Search the listing below for the line containing "Замшевые туфли на". From there through the line containing "Landesbischof Karl-Hinrich Manzke: Letzte", transcribe every line exactly, both ends included.

Information supplied:
*****
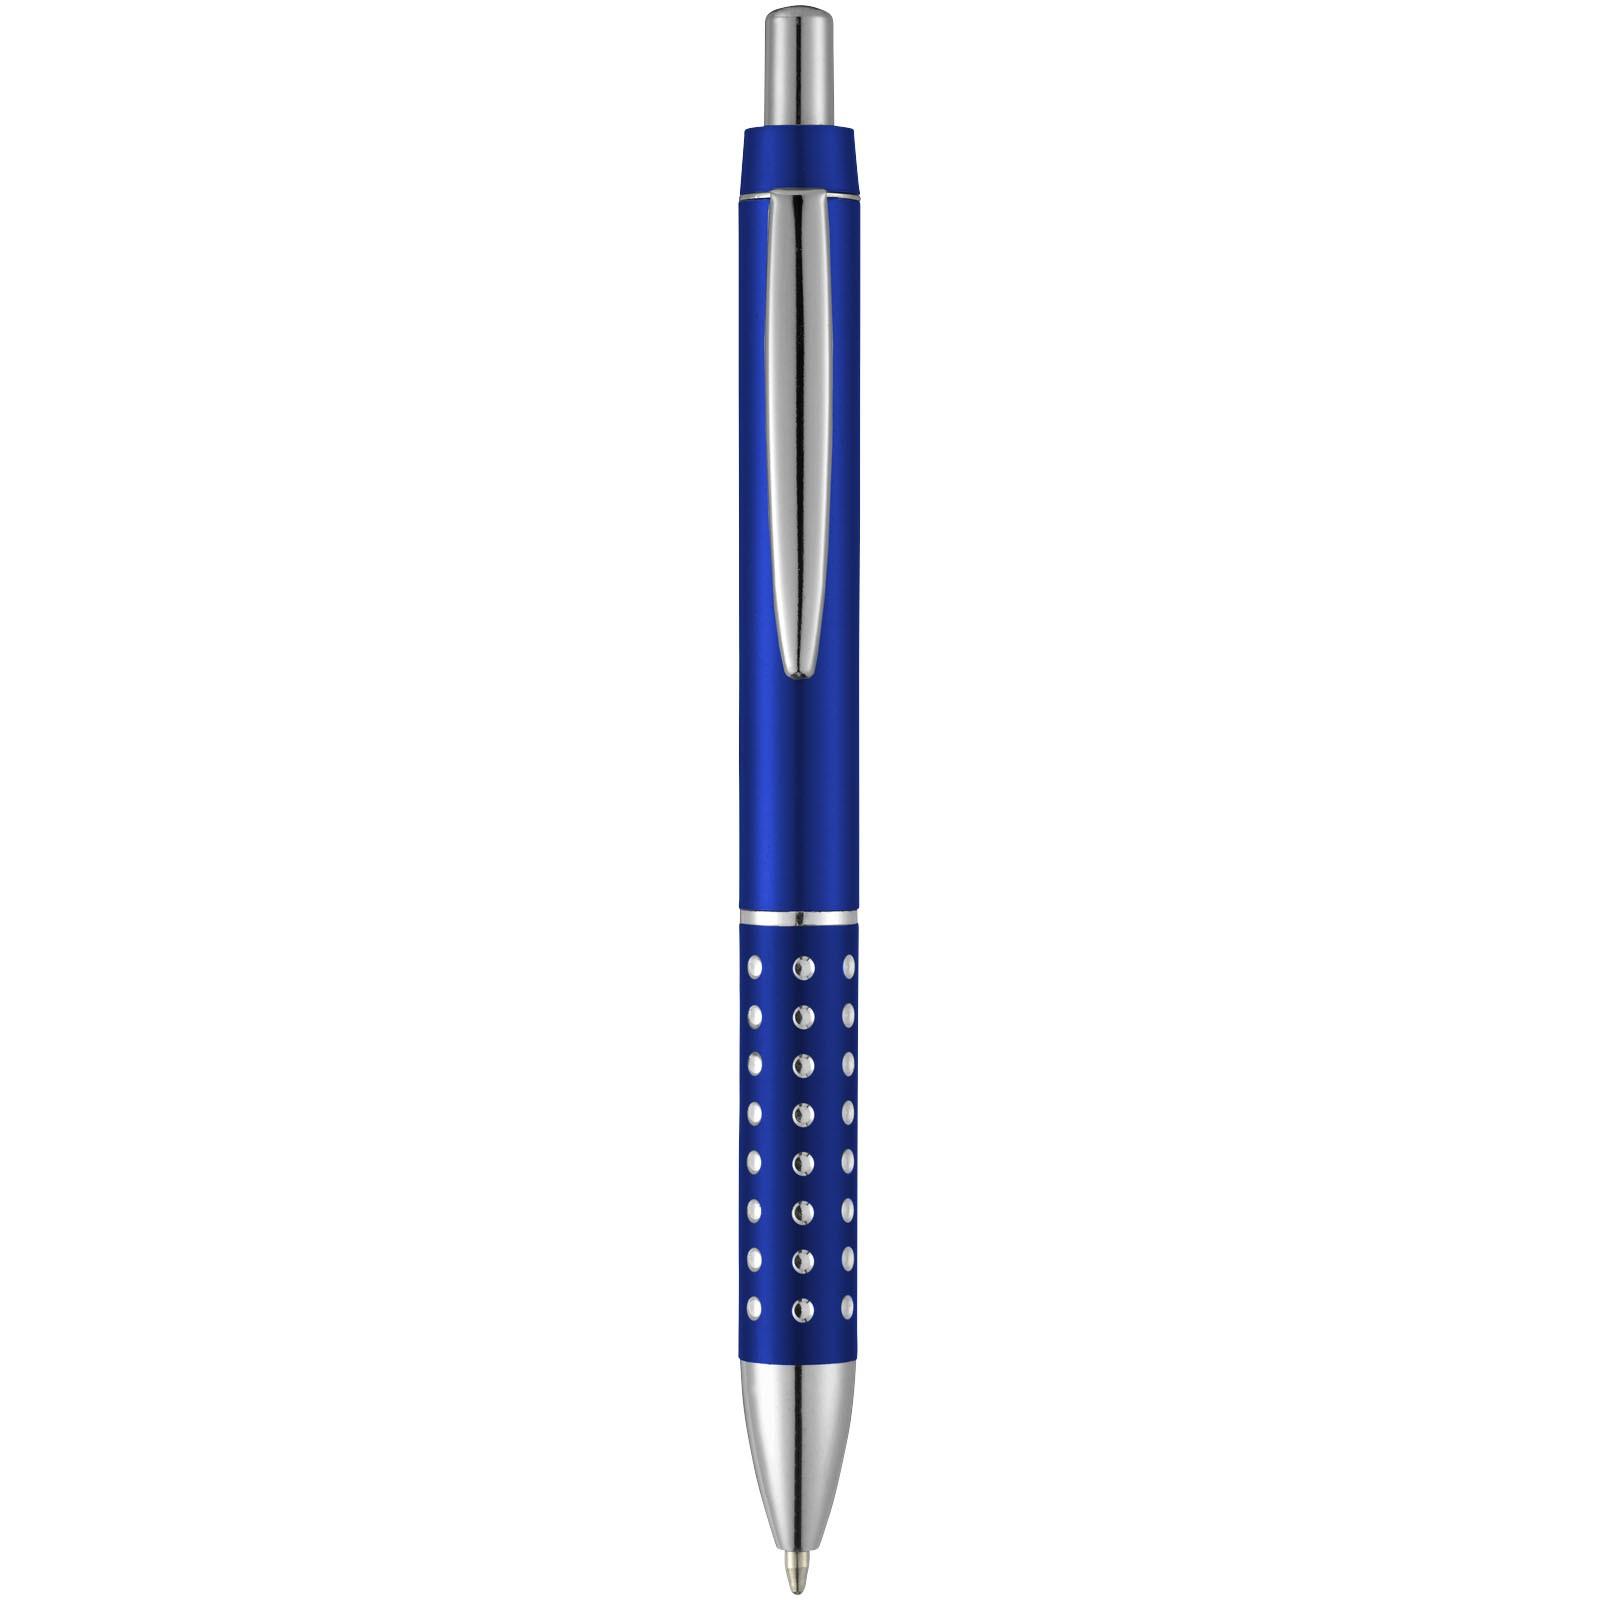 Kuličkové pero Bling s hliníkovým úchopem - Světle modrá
*****
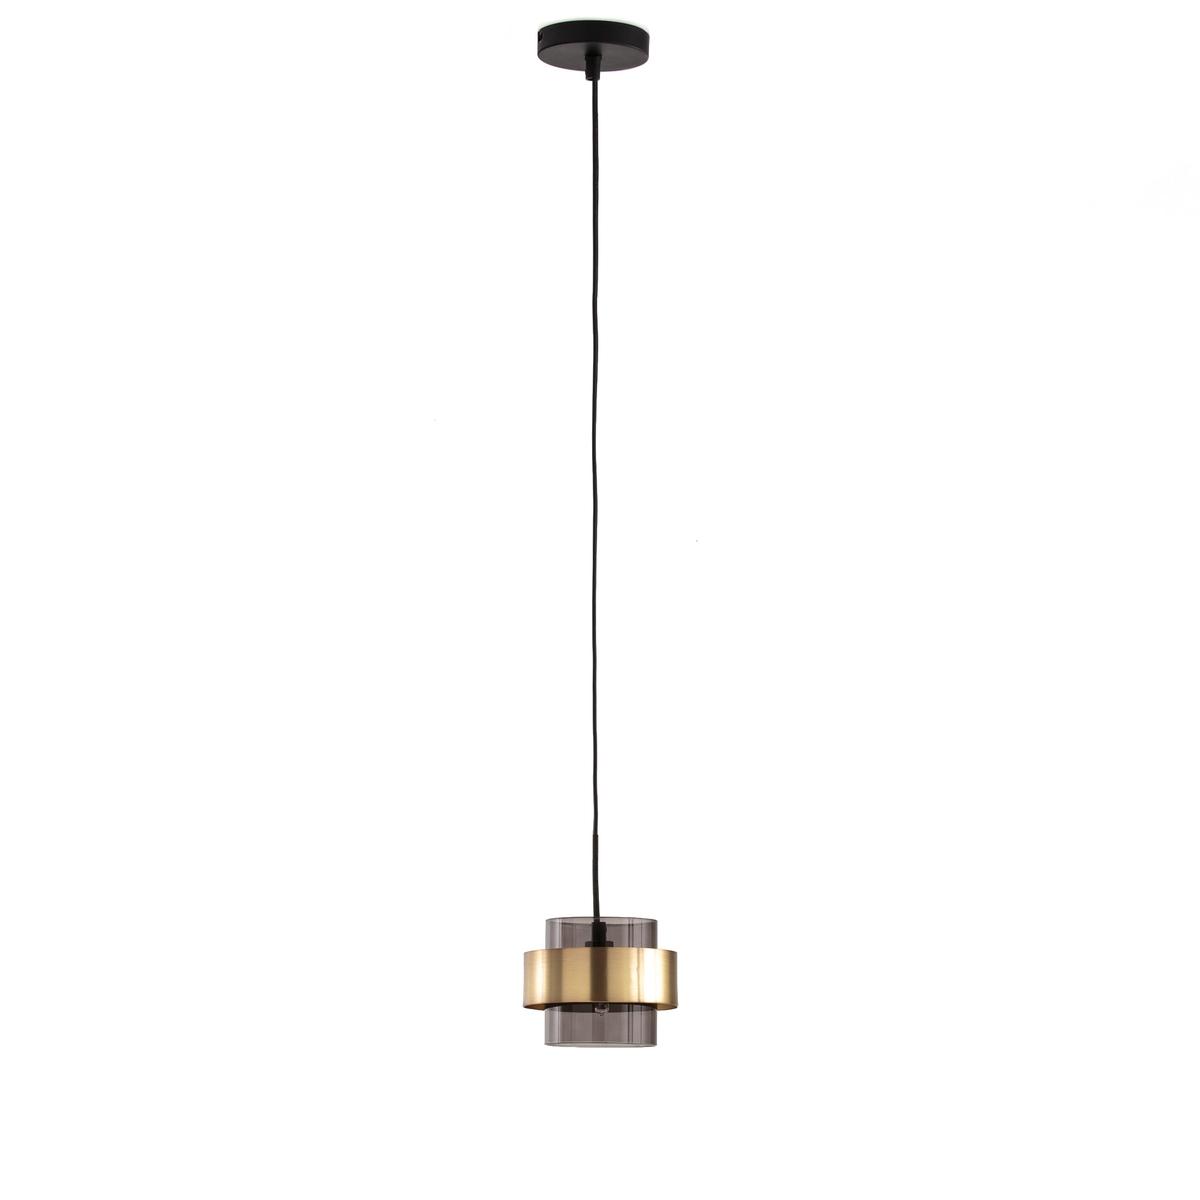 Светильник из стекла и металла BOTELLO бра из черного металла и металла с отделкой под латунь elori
*****
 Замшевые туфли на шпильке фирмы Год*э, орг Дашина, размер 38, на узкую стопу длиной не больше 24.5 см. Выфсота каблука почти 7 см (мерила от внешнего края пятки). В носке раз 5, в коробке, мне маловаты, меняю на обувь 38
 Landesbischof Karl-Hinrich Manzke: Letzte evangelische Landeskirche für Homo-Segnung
*****
Answer:
 Замшевые туфли на шпильке фирмы Год*э, орг Дашина, размер 38, на узкую стопу длиной не больше 24.5 см. Выфсота каблука почти 7 см (мерила от внешнего края пятки). В носке раз 5, в коробке, мне маловаты, меняю на обувь 38
 Landesbischof Karl-Hinrich Manzke: Letzte evangelische Landeskirche für Homo-Segnung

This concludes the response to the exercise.